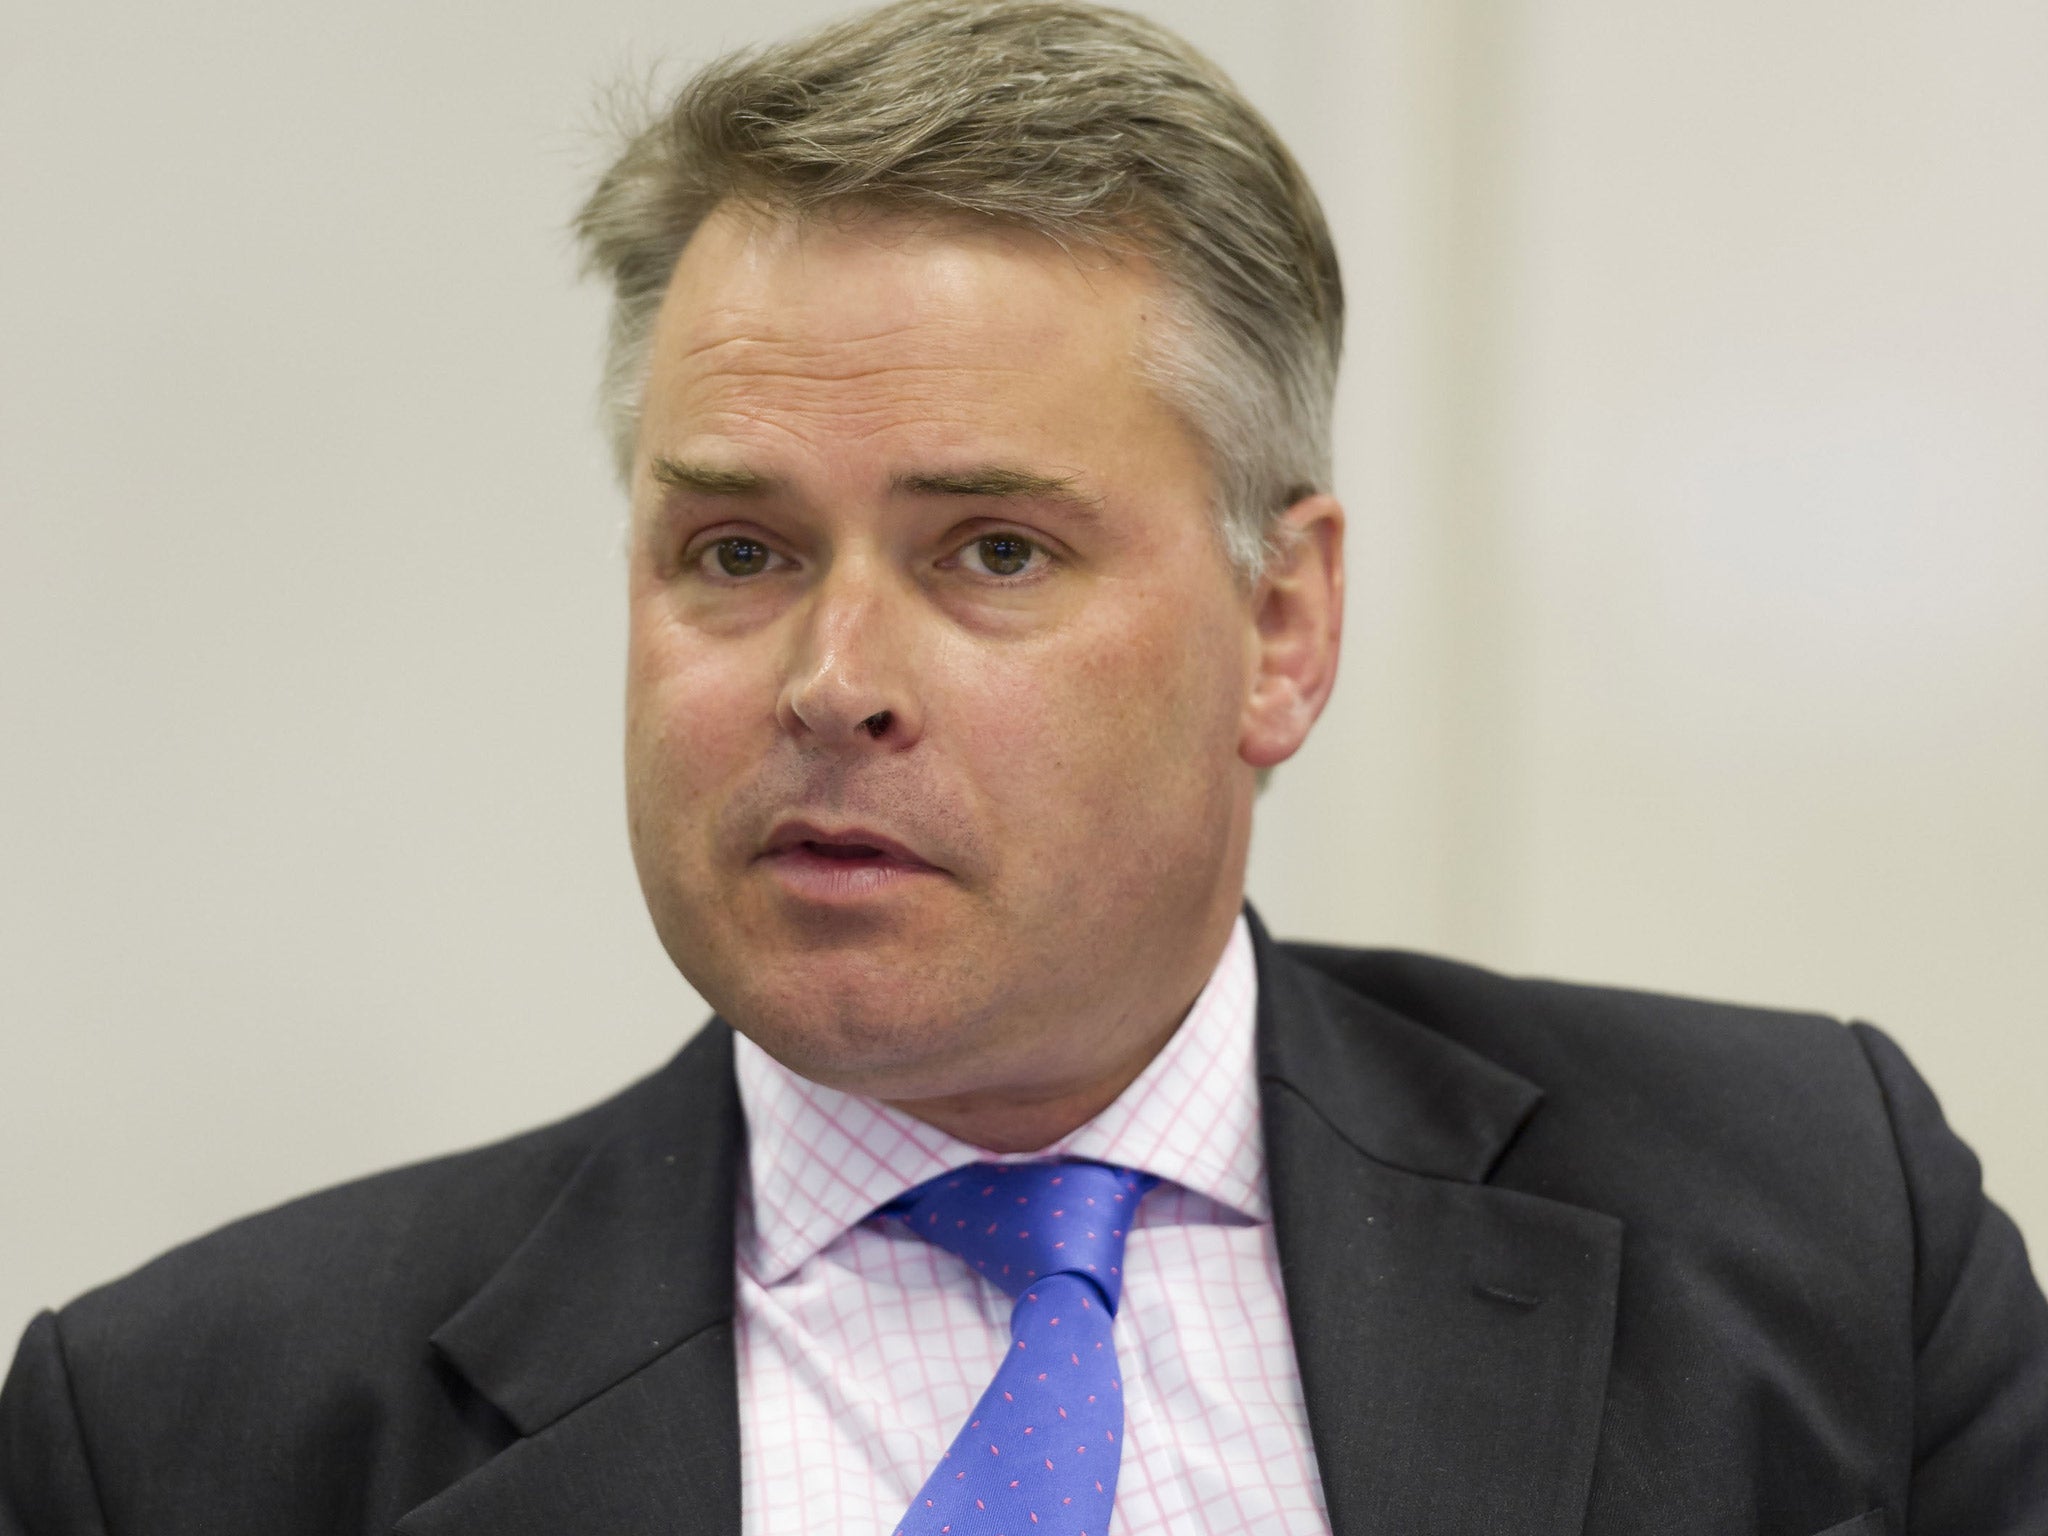 Former Conservative Children's Minister, Tim Loughton
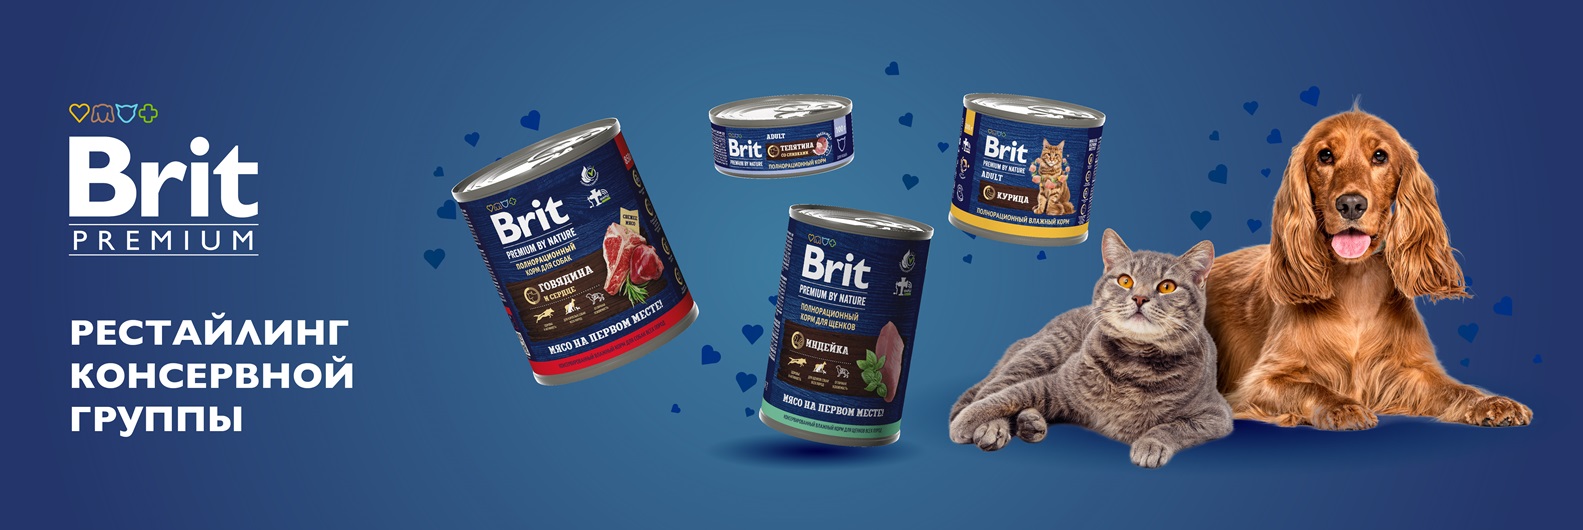 Новый дизайн упаковки на консервах Brit Premium
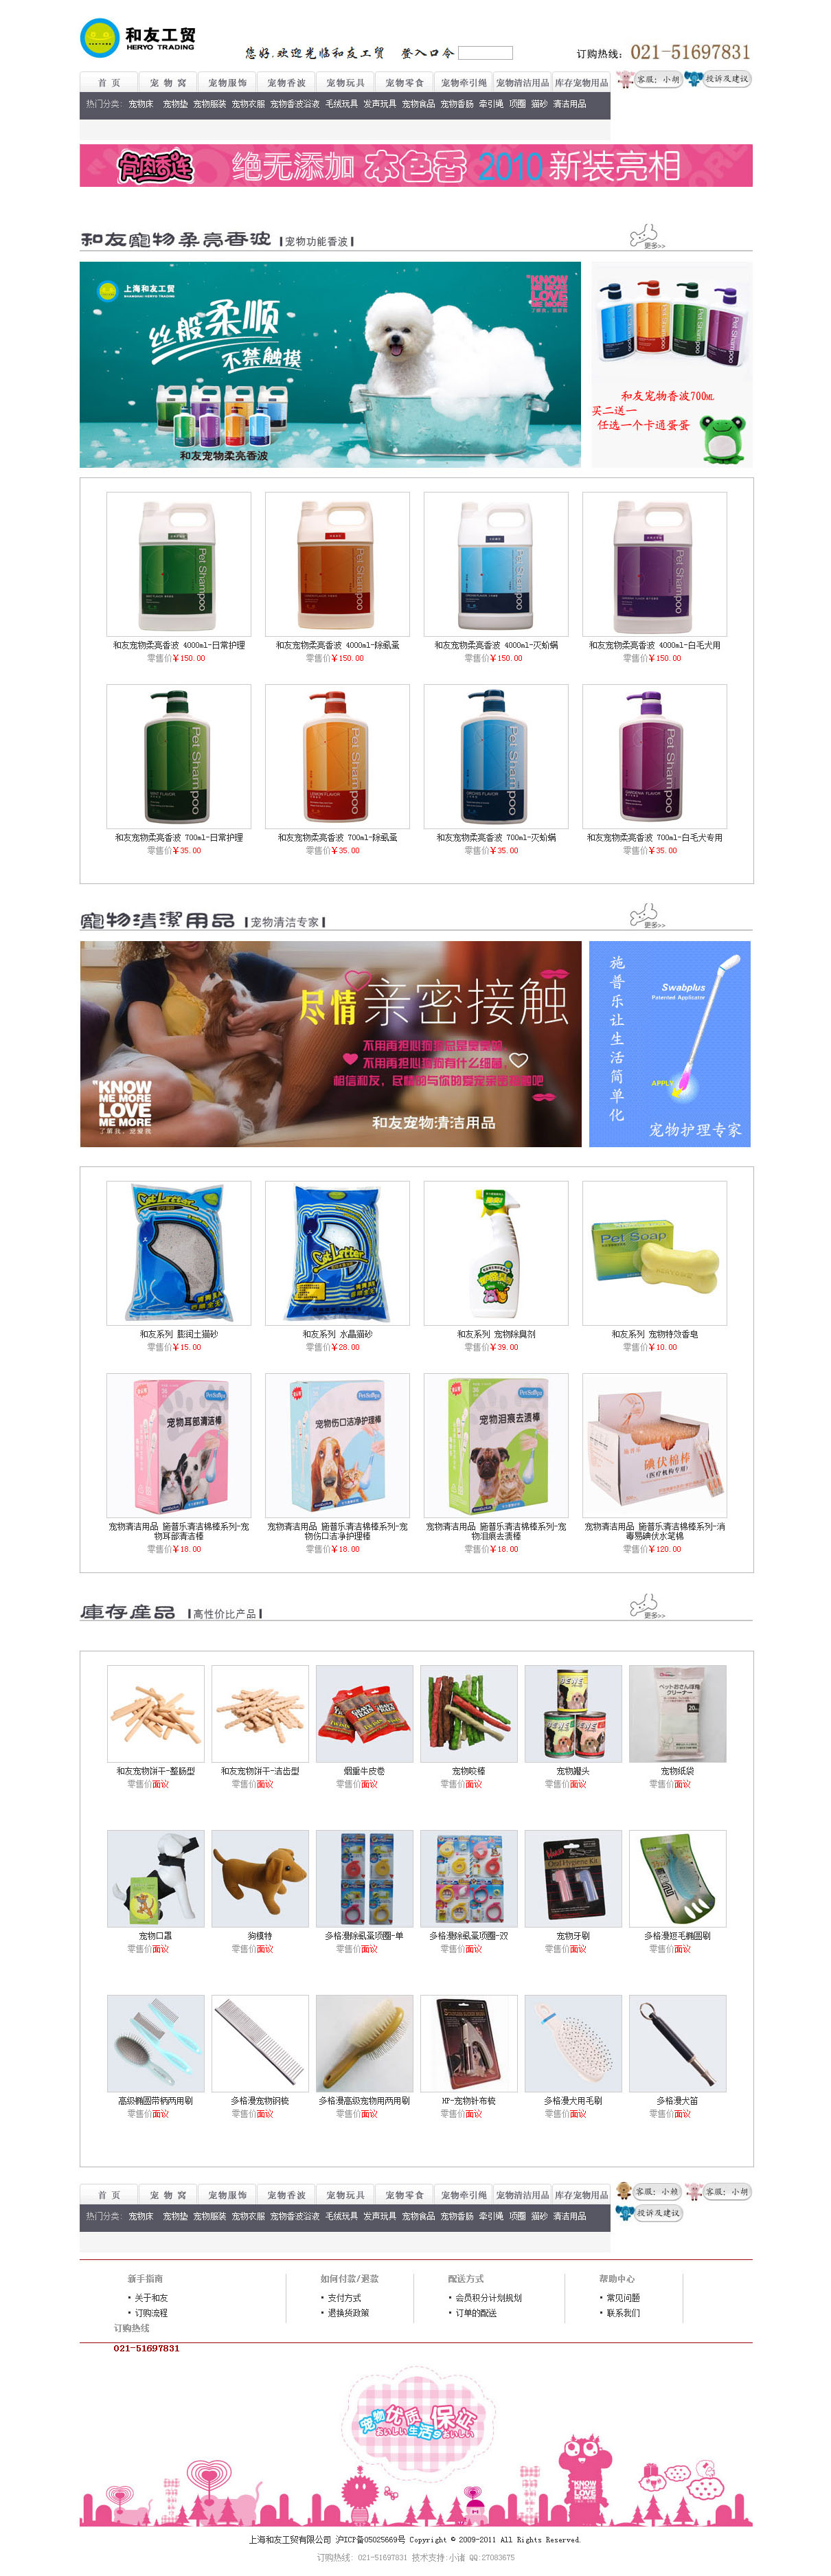 上海和友工贸有限公司门户型网站建设
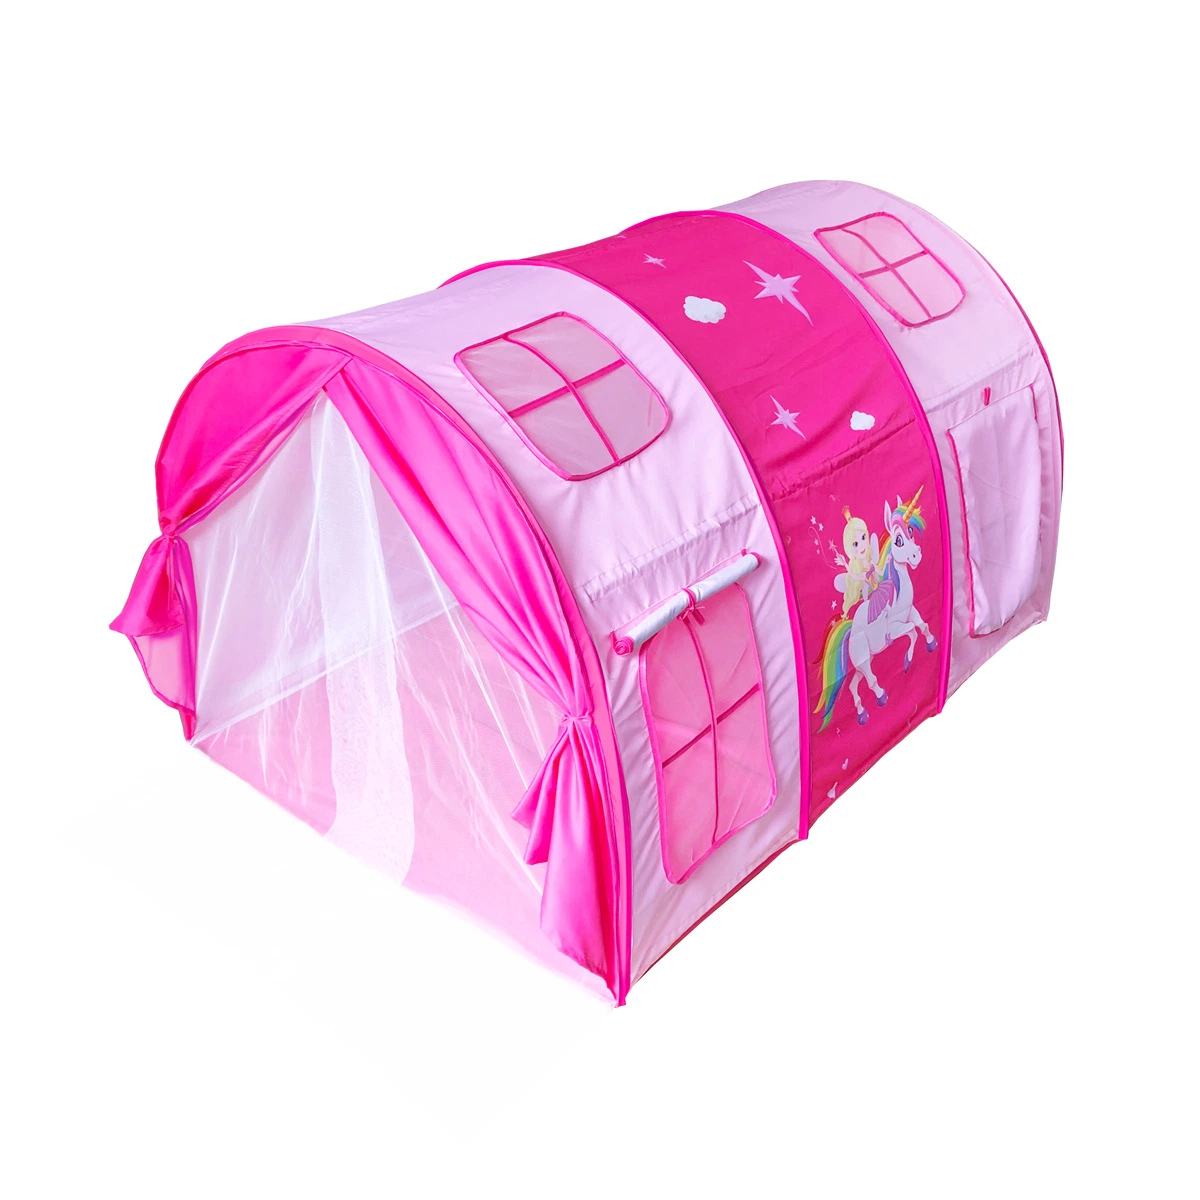 Детей кровать палатка отдельной кроватью играть дома для использования внутри помещений замок Magic игрушка Единорог" для установки вне помещений

◆ ◆ ◆ ◆

■ Task to complete ■
All of the data should come back exactly as written, but without pictures.

■ Answer box ■
 Former Conservative Children's Minister, Tim Loughton
 Новый дизайн упаковки на консервах Brit Premium
 上海和友工贸有限公司门户型网站建设
 Детей кровать палатка отдельной кроватью играть дома для использования внутри помещений замок Magic игрушка Единорог" для установки вне помещений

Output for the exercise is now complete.